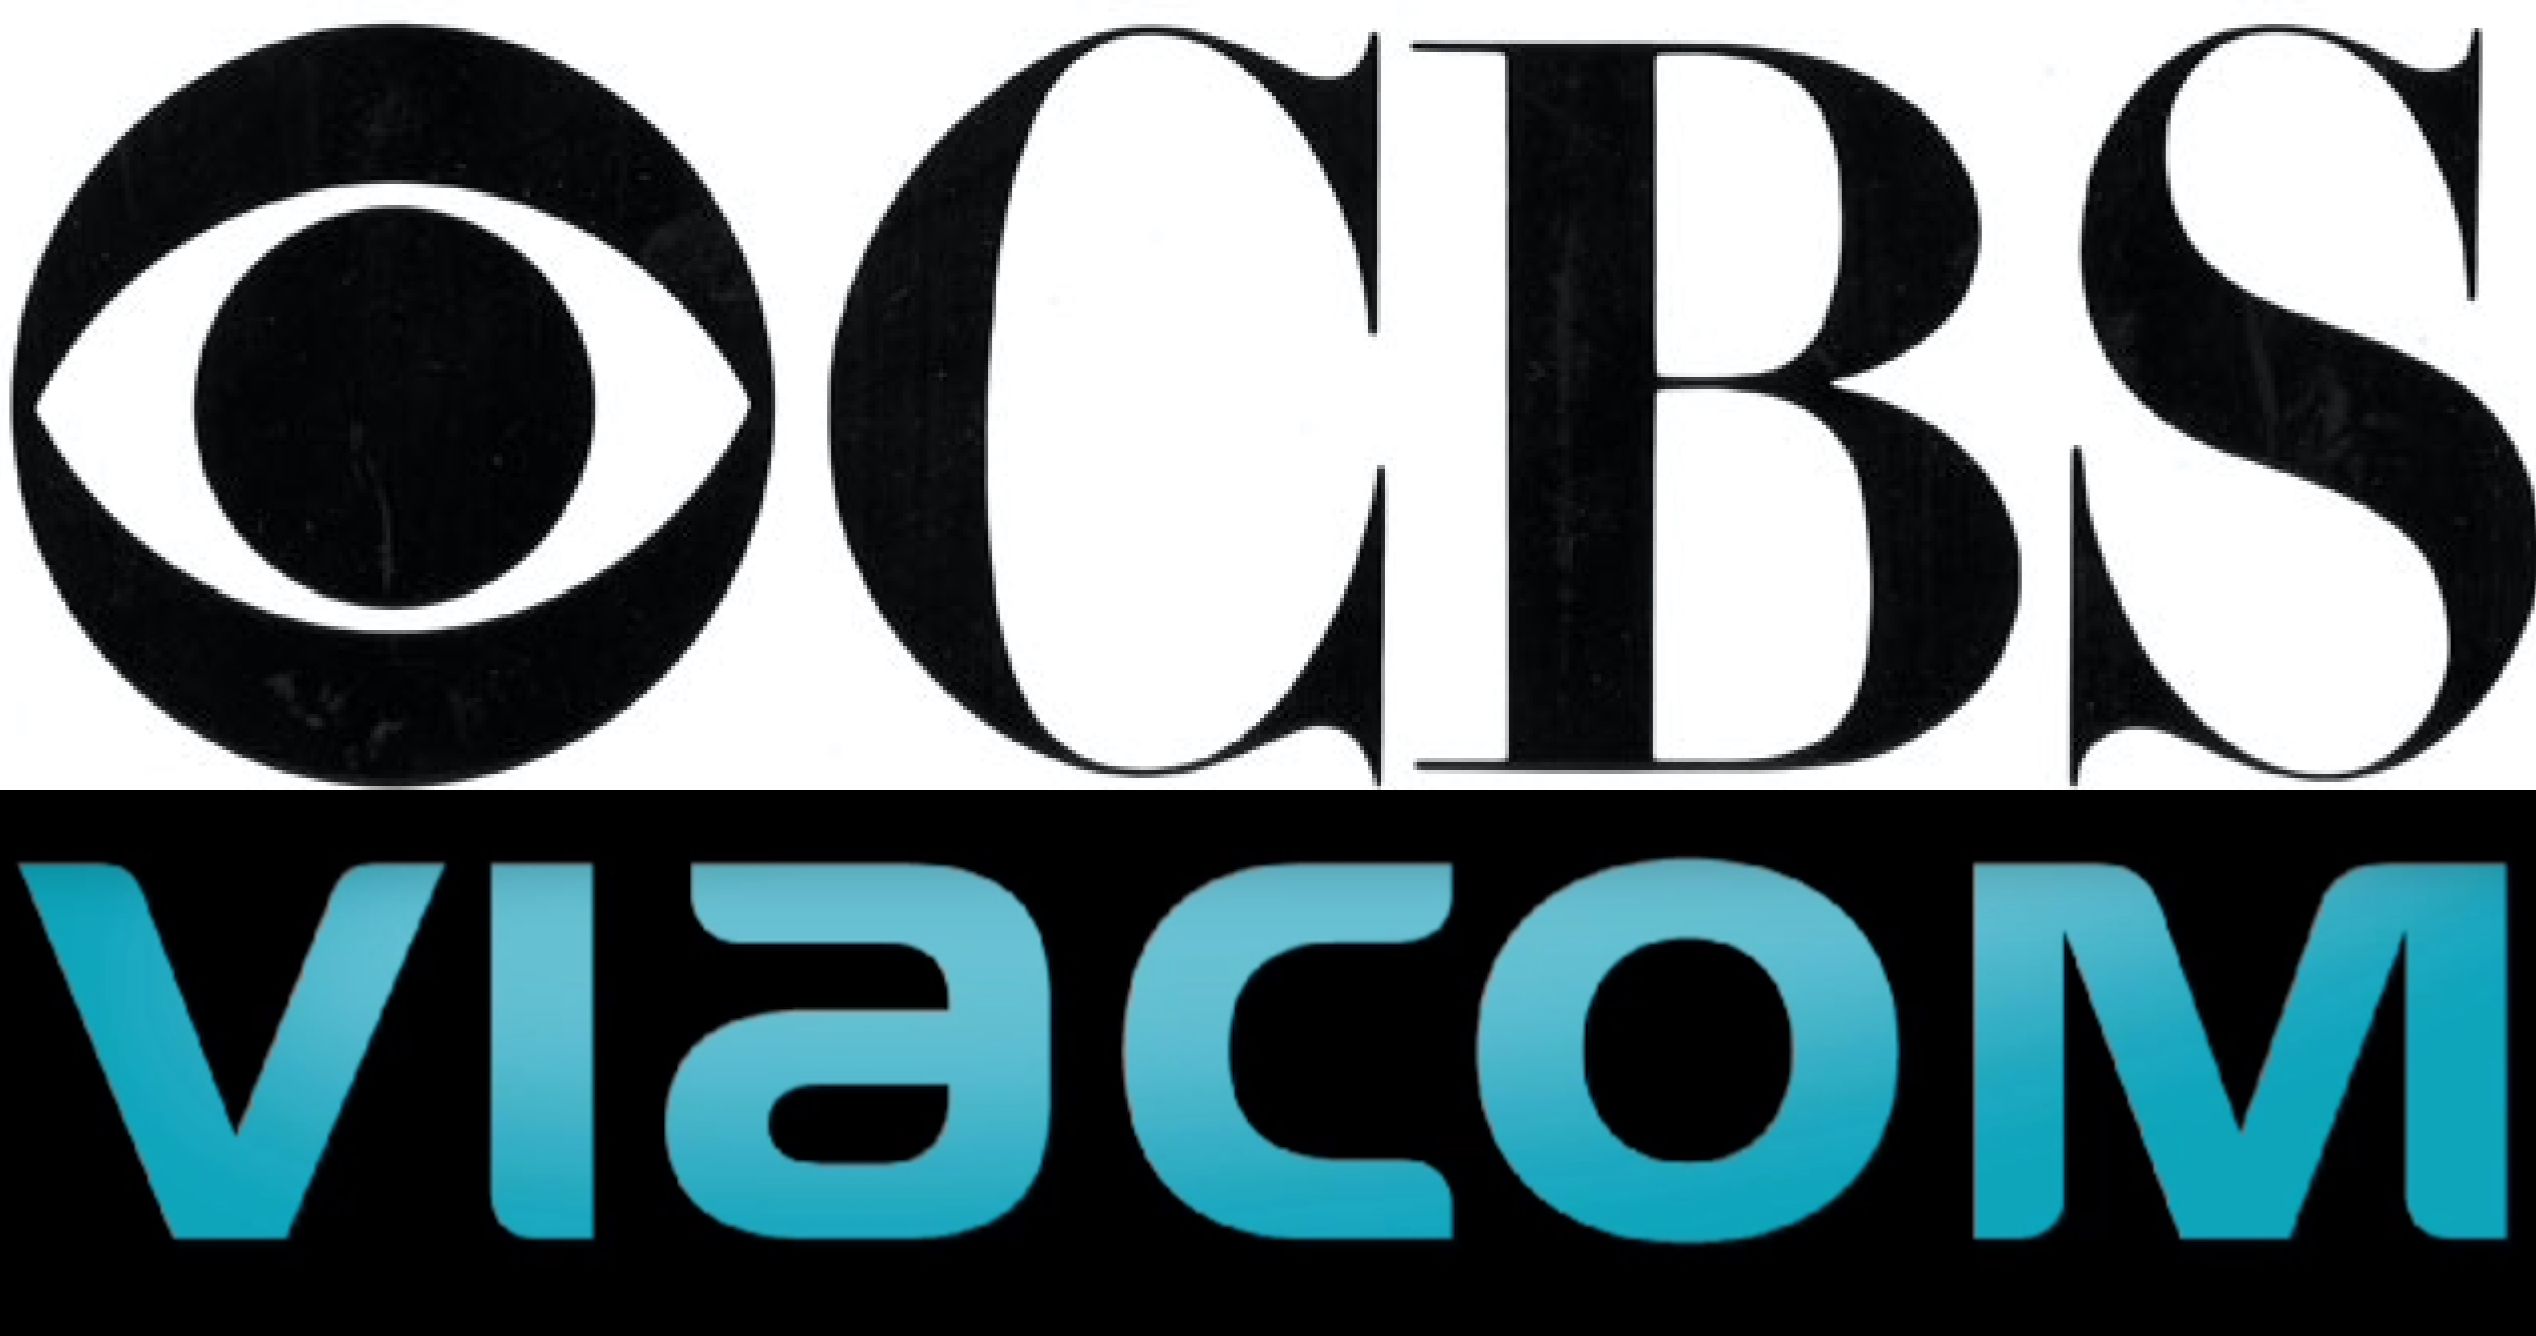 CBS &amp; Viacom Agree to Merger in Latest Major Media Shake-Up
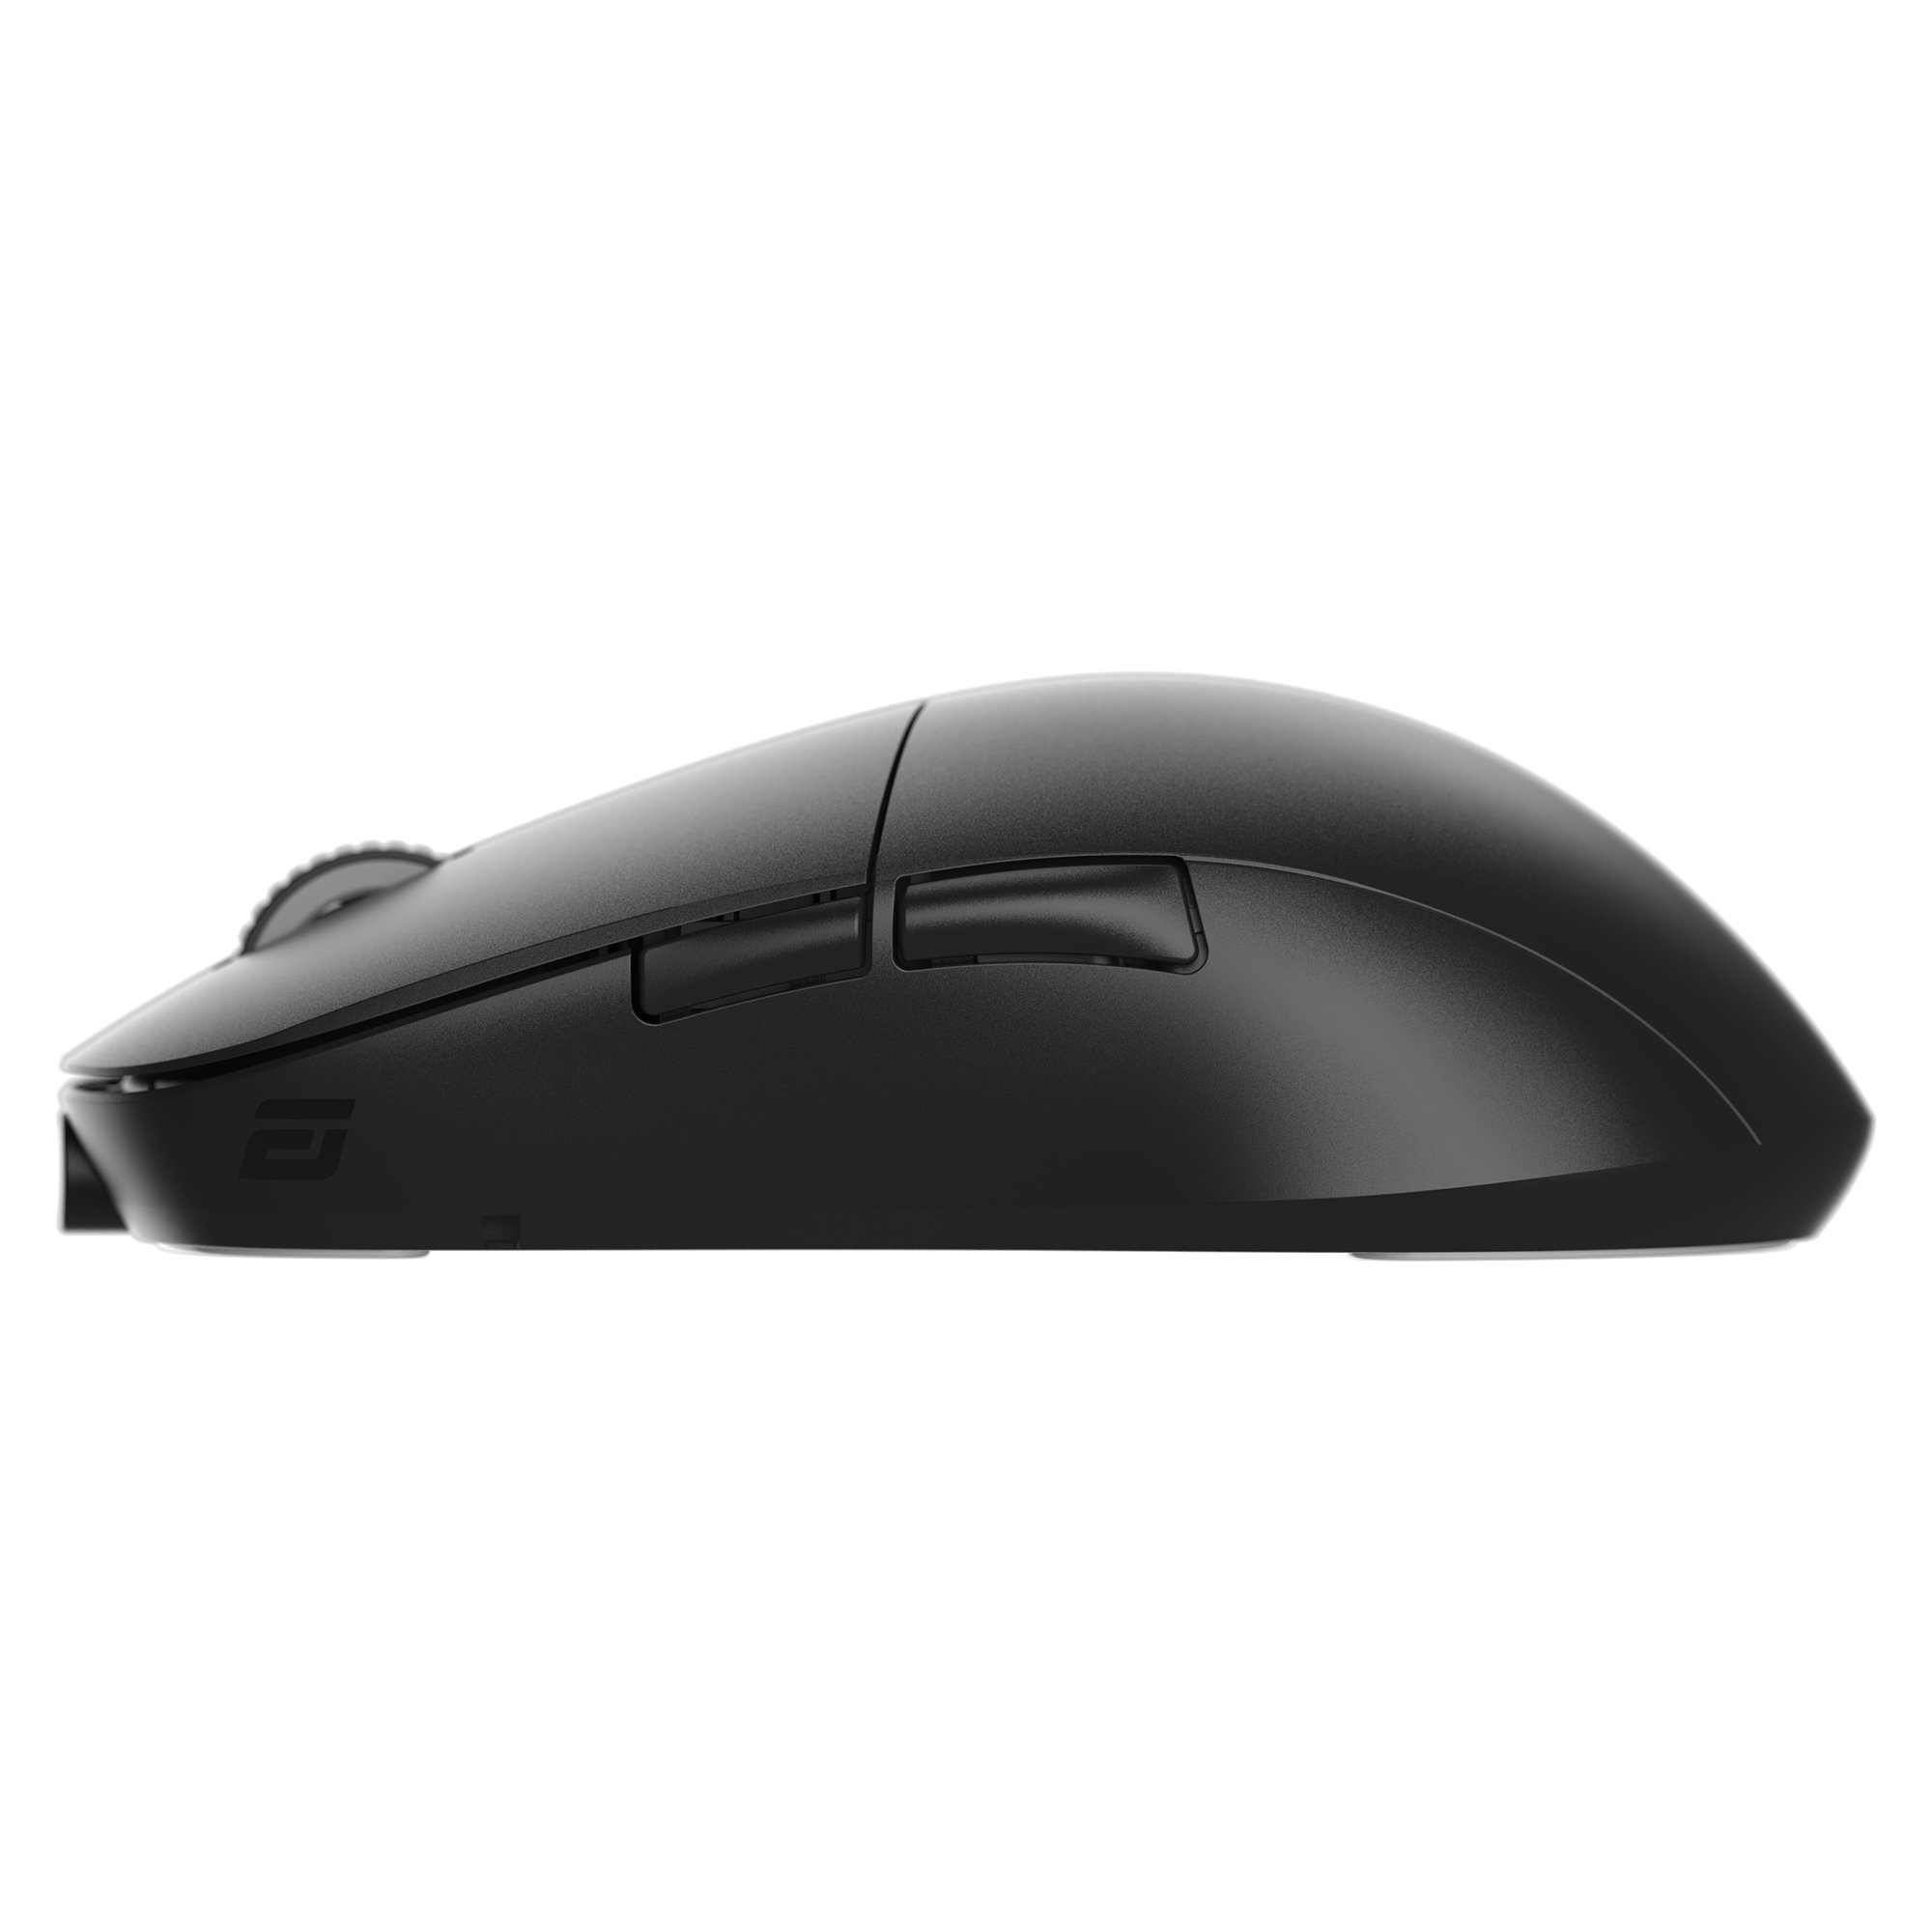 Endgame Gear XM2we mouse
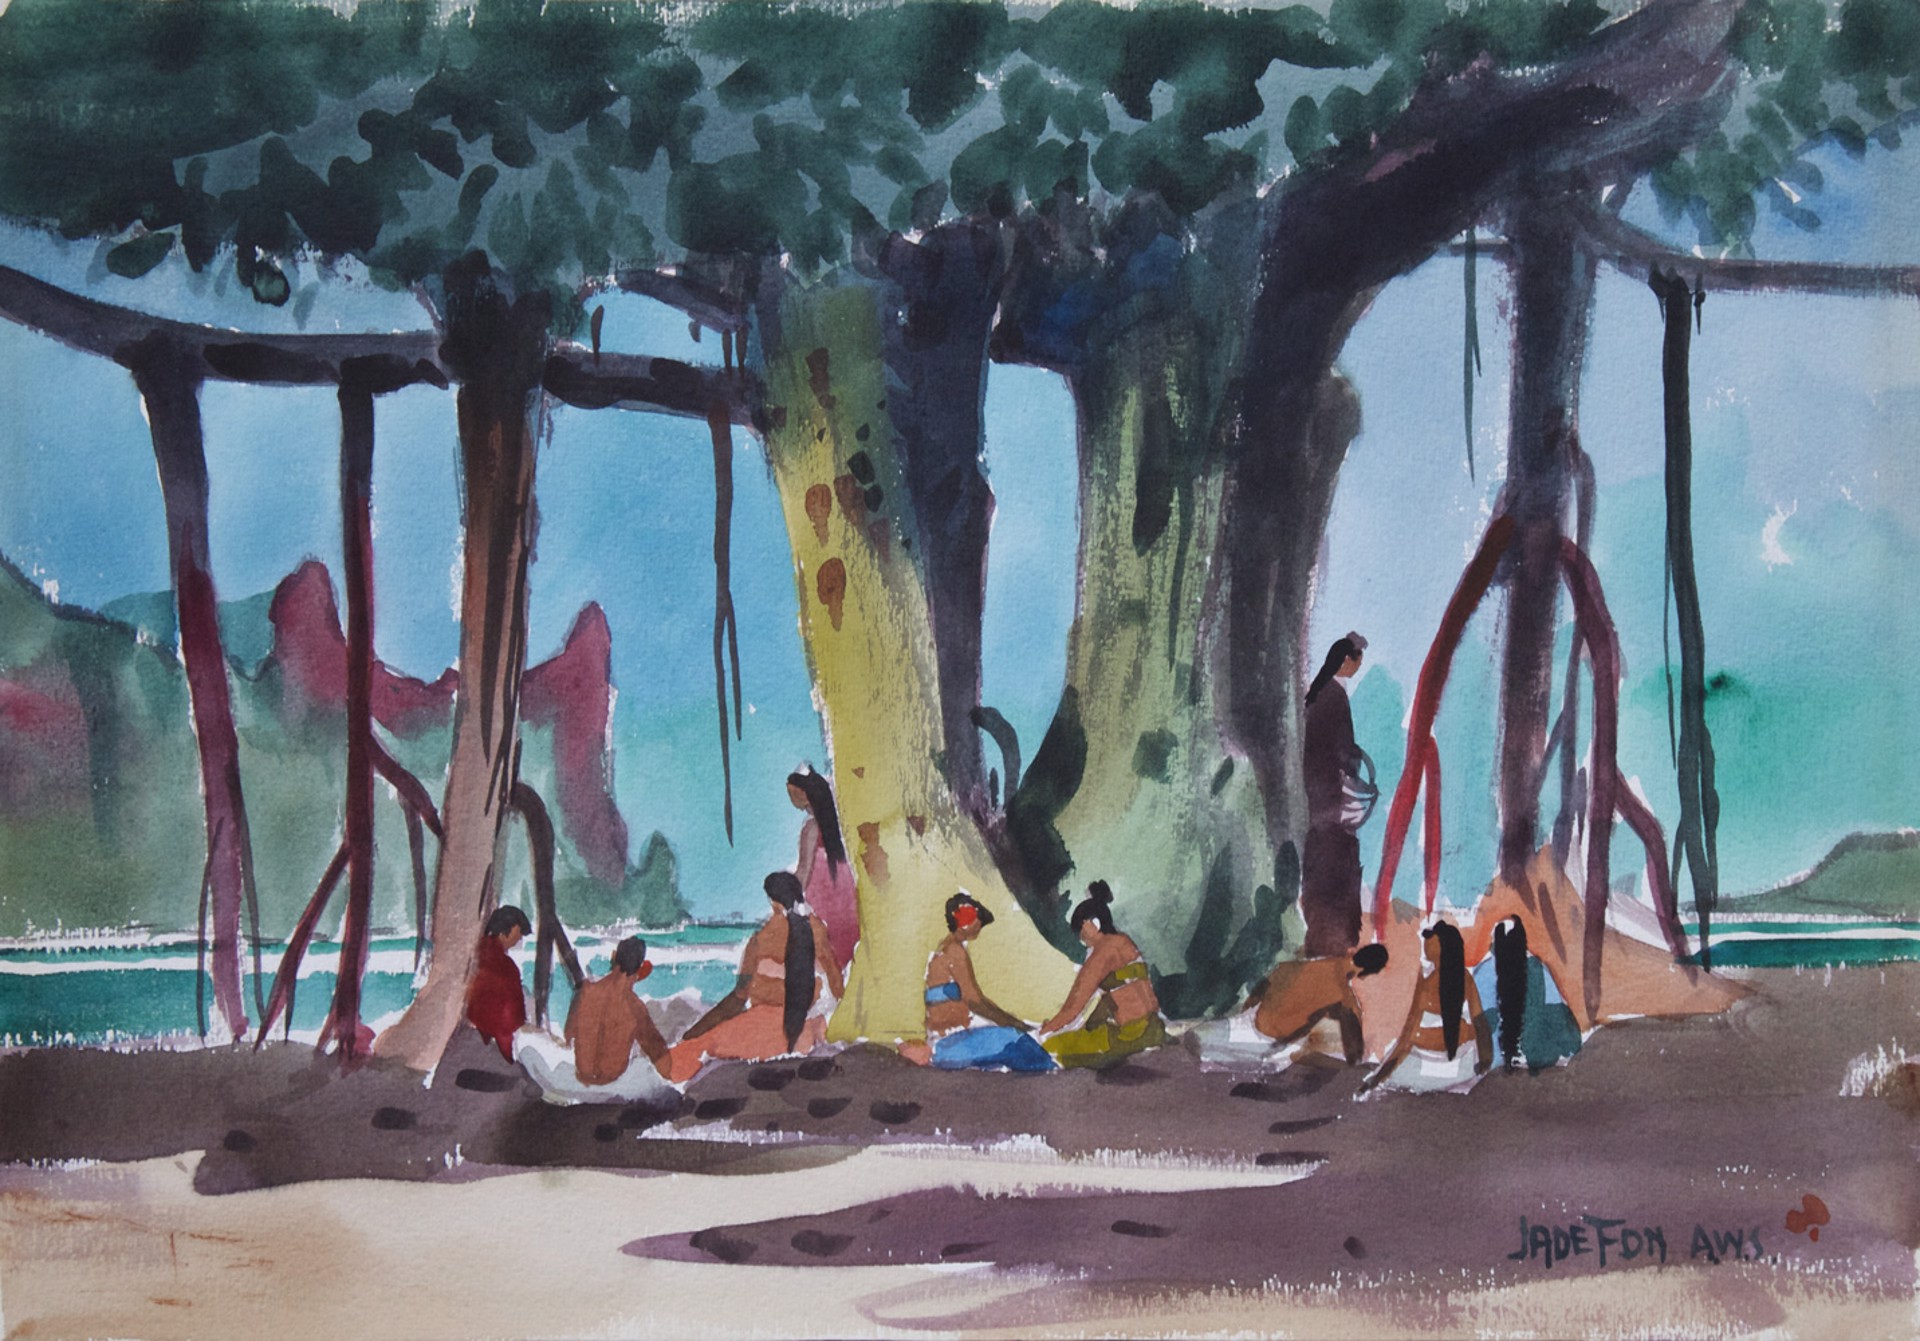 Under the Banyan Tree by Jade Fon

Aim of the task »
Skipping the pictures, transcribe each line above exactly as it appears.

Task answer »
 CBS &amp; Viacom Agree to Merger in Latest Major Media Shake-Up
 Endgame Gear XM2we mouse
 Under the Banyan Tree by Jade Fon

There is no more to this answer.